Task details.
Whenever a picture appears in the data, skip it and write out all other material exactly.

Raw data.

___

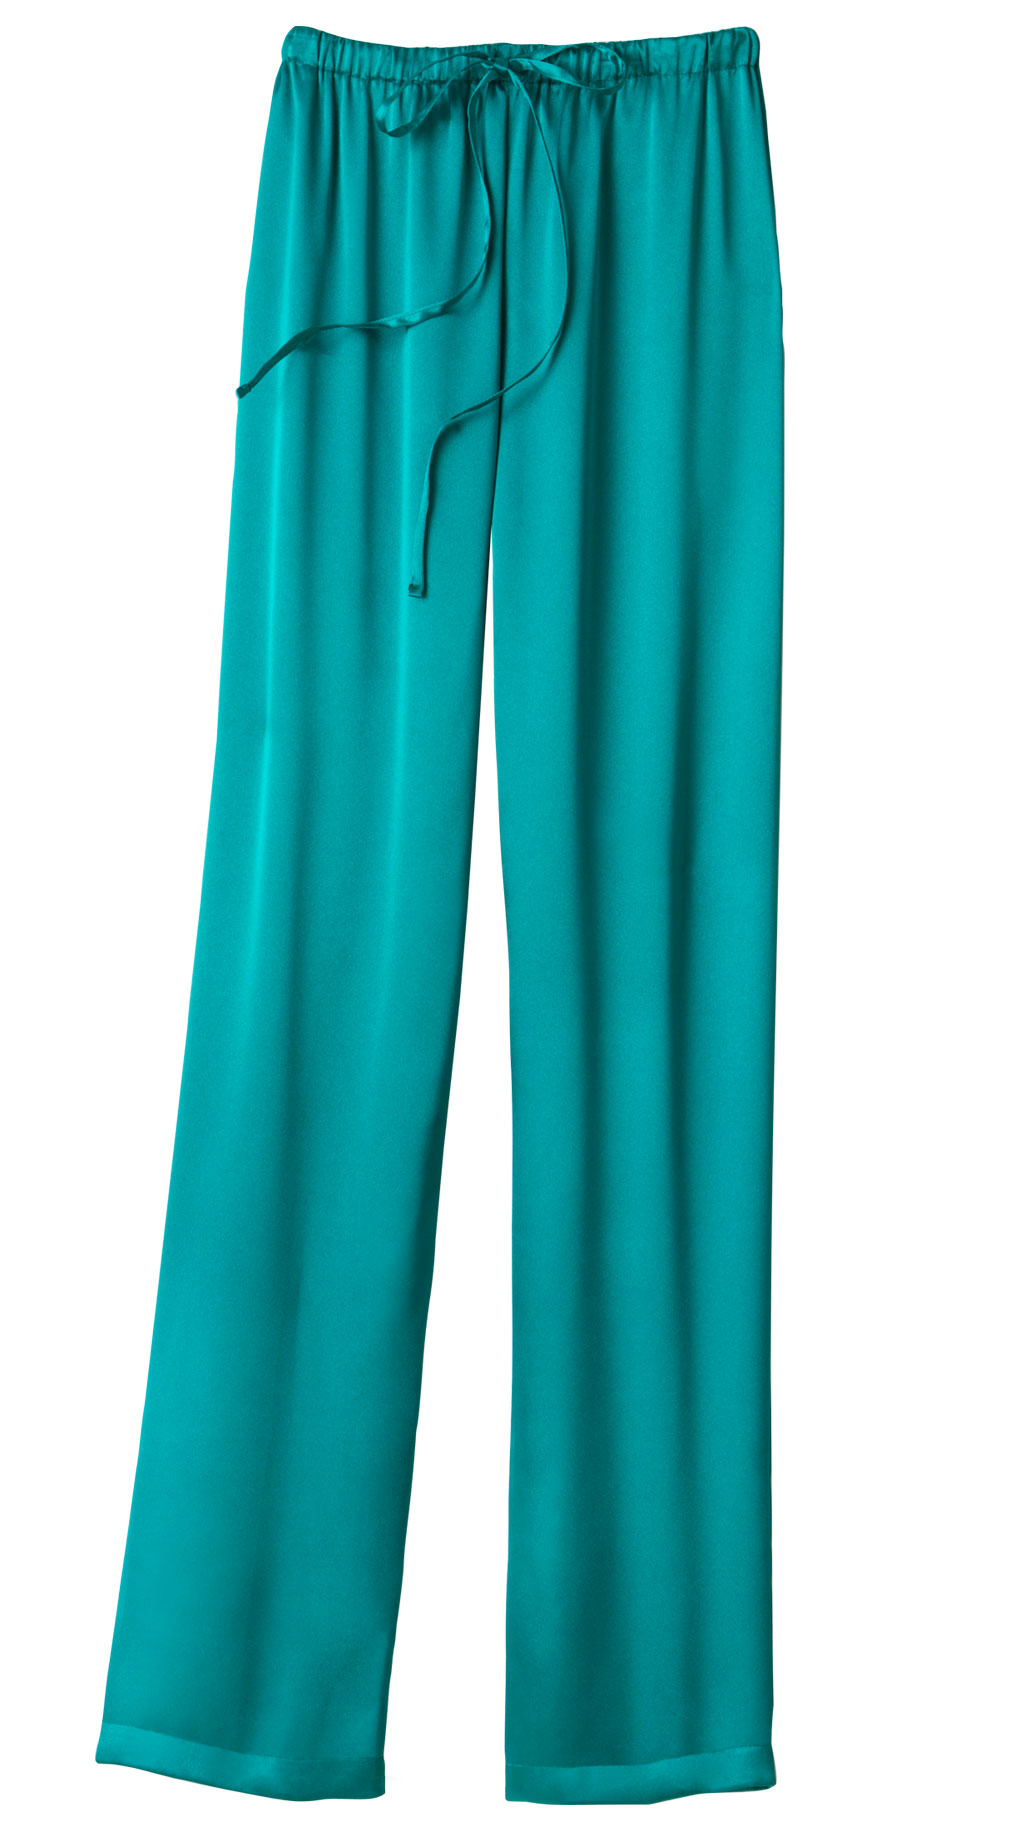 Vanity Fair USA Pajama Pants for Women | Mercari
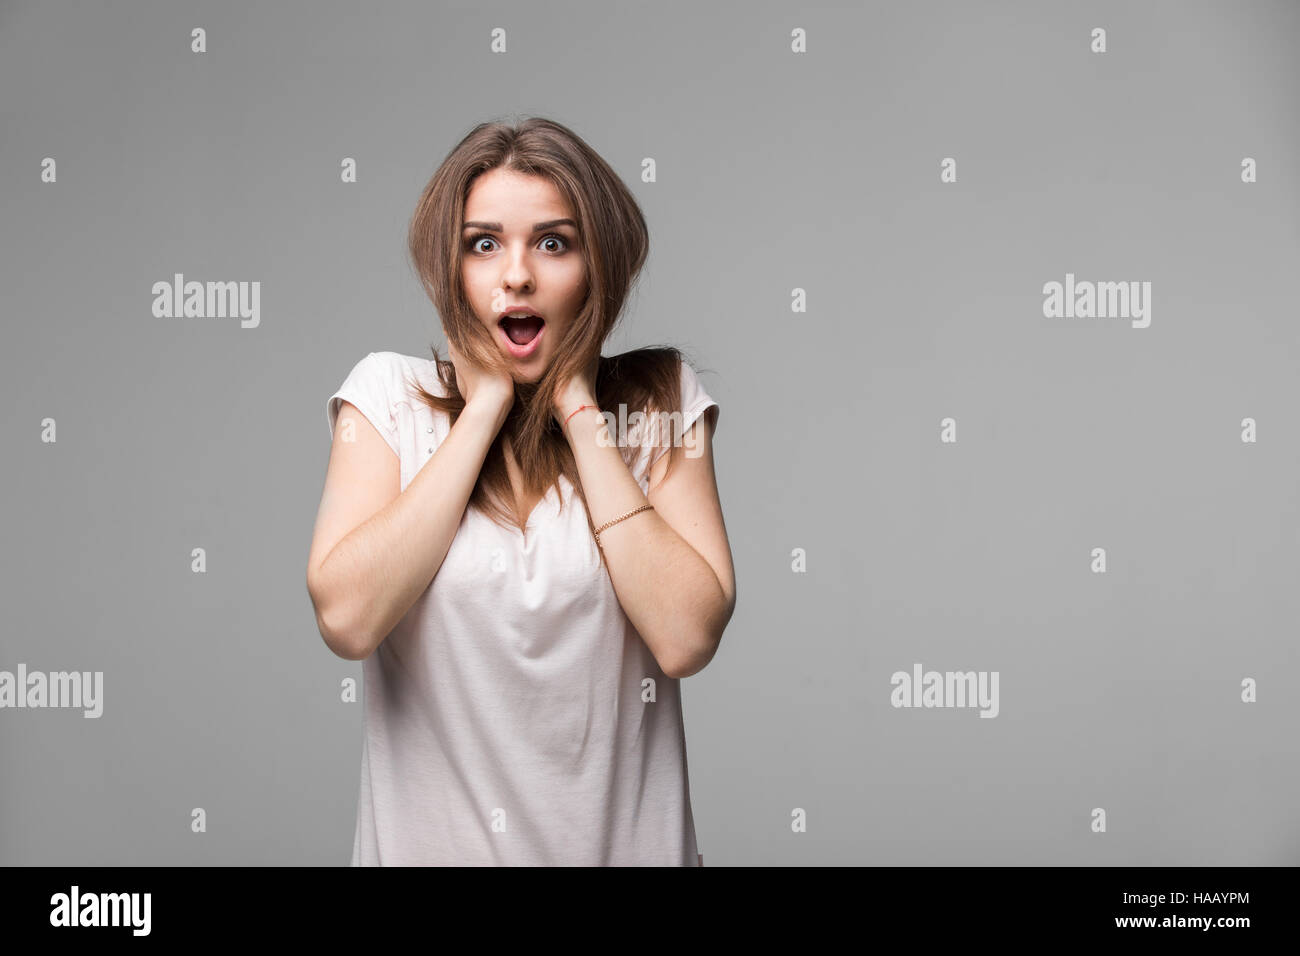 Ritratto di bella bruna donna con un espressione stupita in posa di studio su sfondo grigio Foto Stock
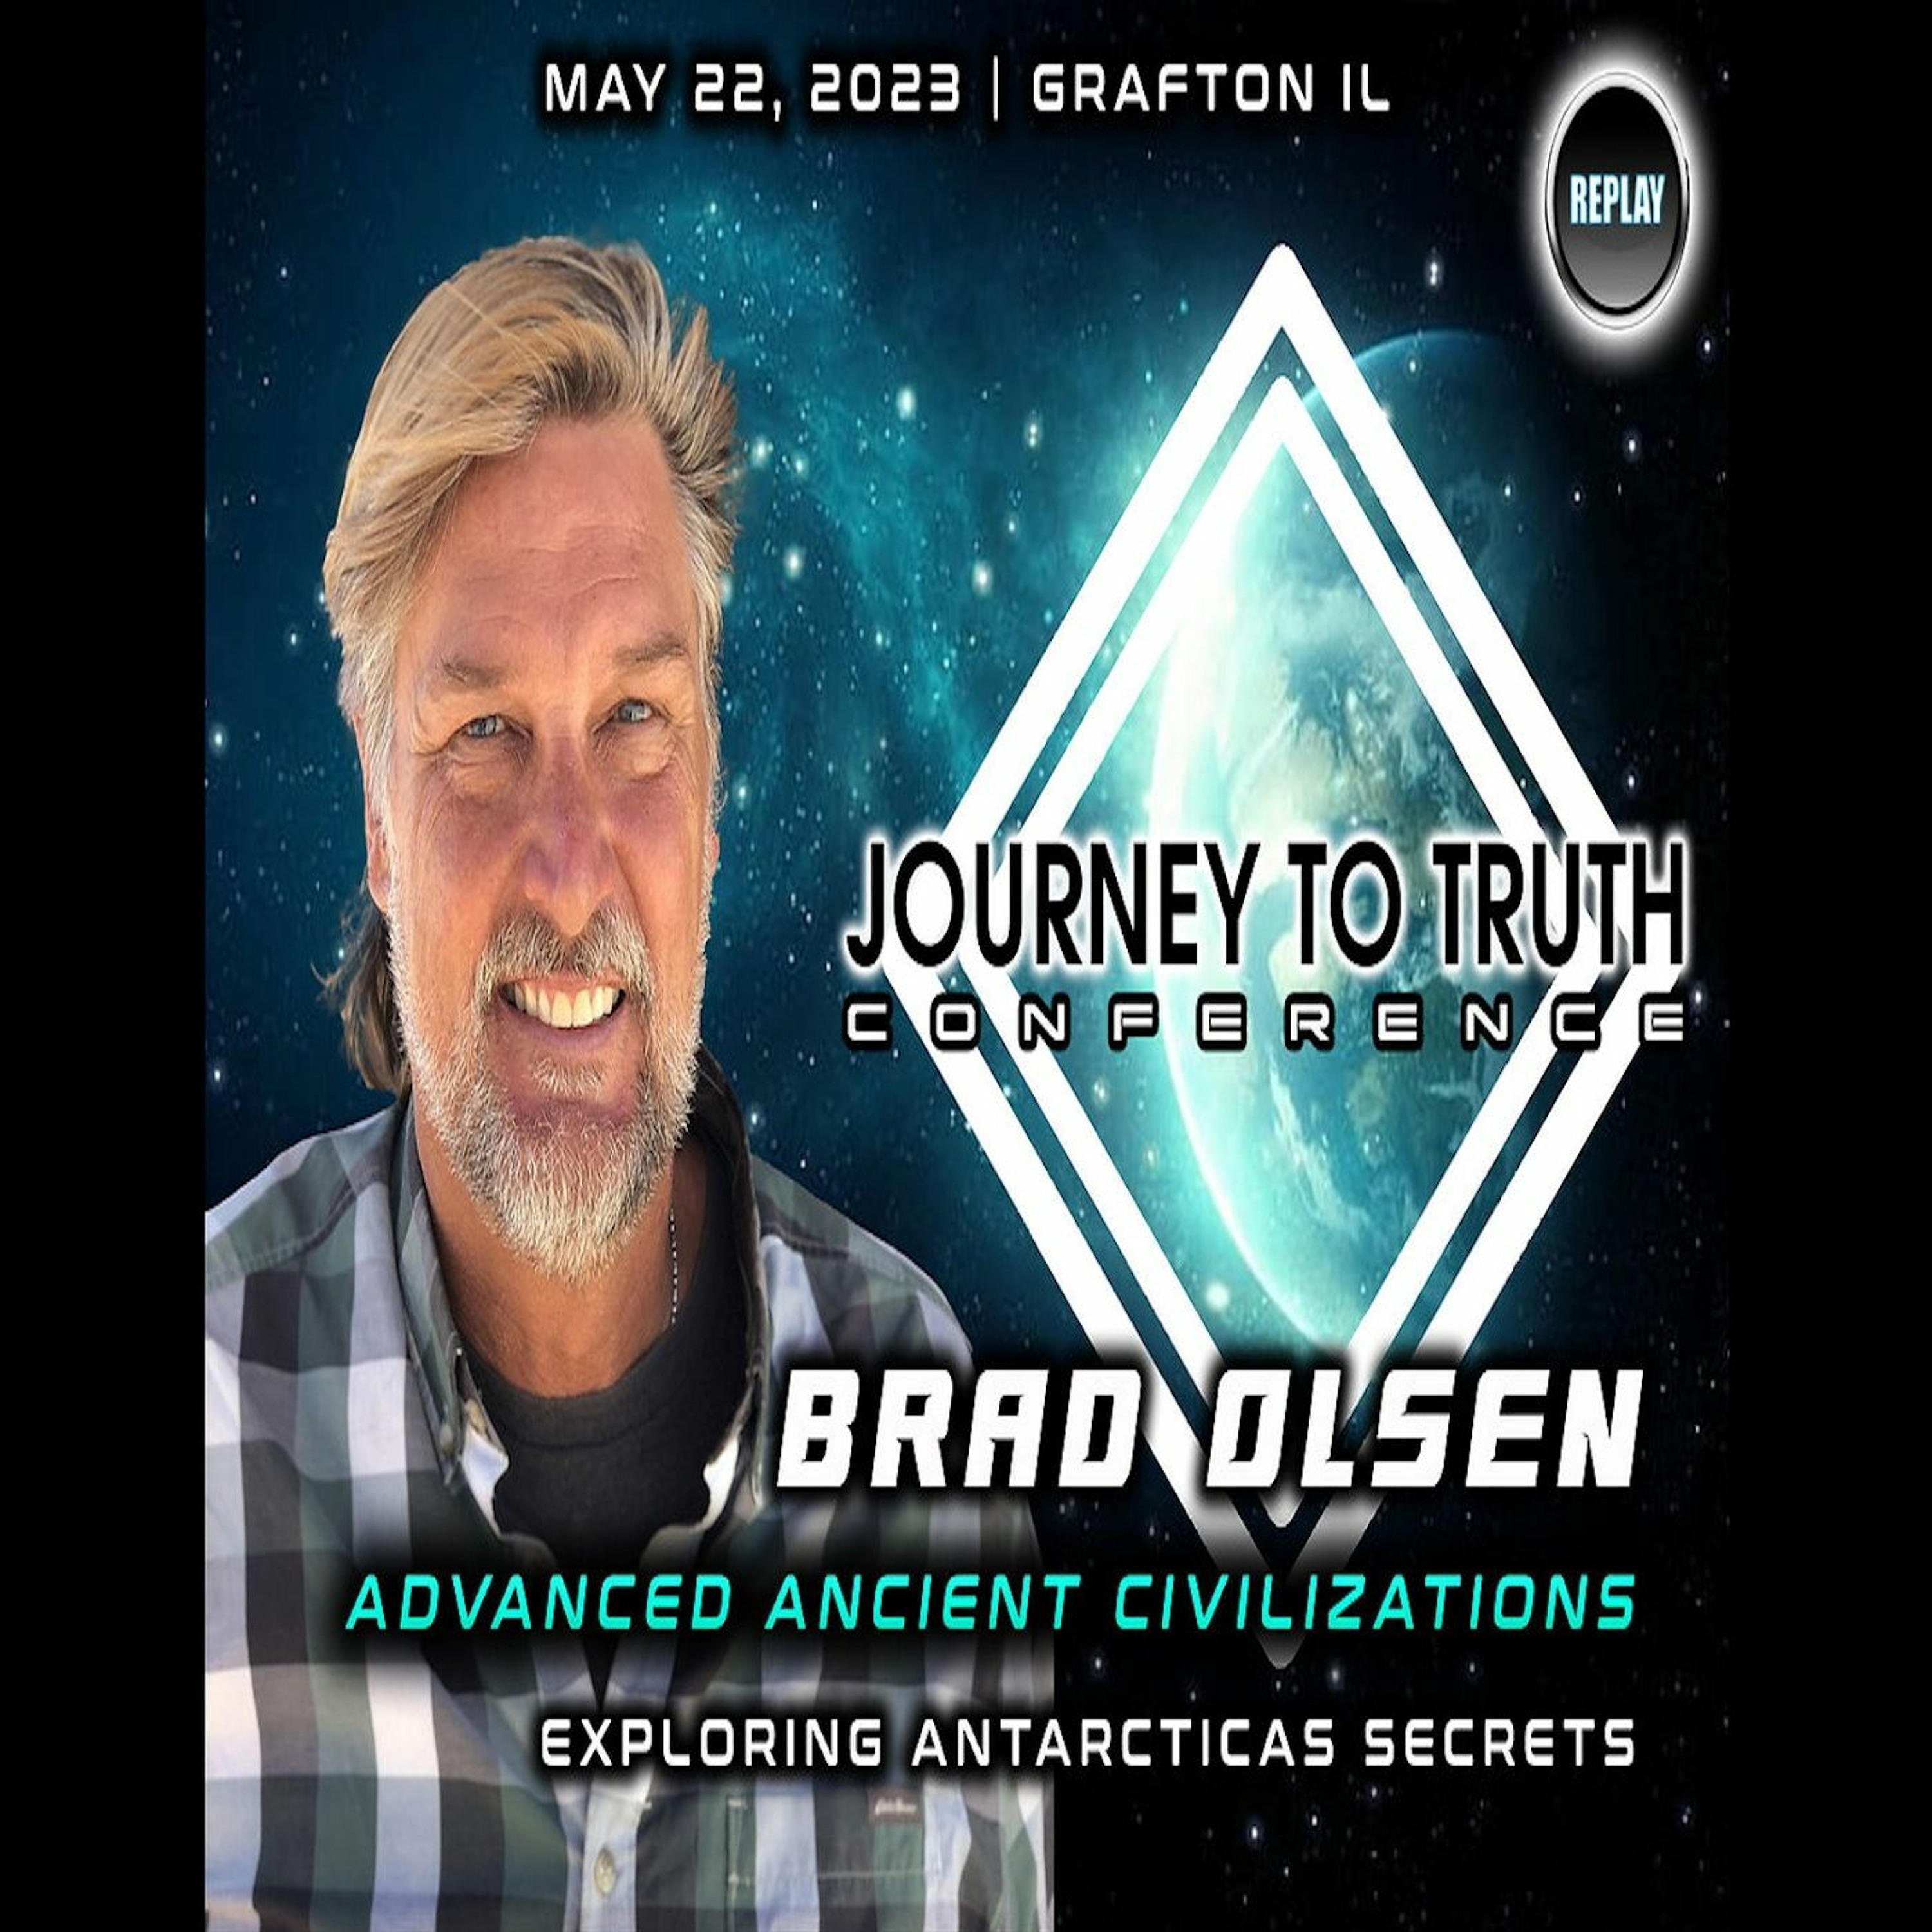 BRAD OLSEN | ANCIENT ADVANCED CIVILIZATIONS - EXPLORING ANTARCTICA'S SECRETS | J2T CON 2023

___

Result of the task.
 Vanity Fair USA Pajama Pants for Women | Mercari
 Ritratto di bella bruna donna con un espressione stupita in posa di studio su sfondo grigio Foto Stock
 BRAD OLSEN | ANCIENT ADVANCED CIVILIZATIONS - EXPLORING ANTARCTICA'S SECRETS | J2T CON 2023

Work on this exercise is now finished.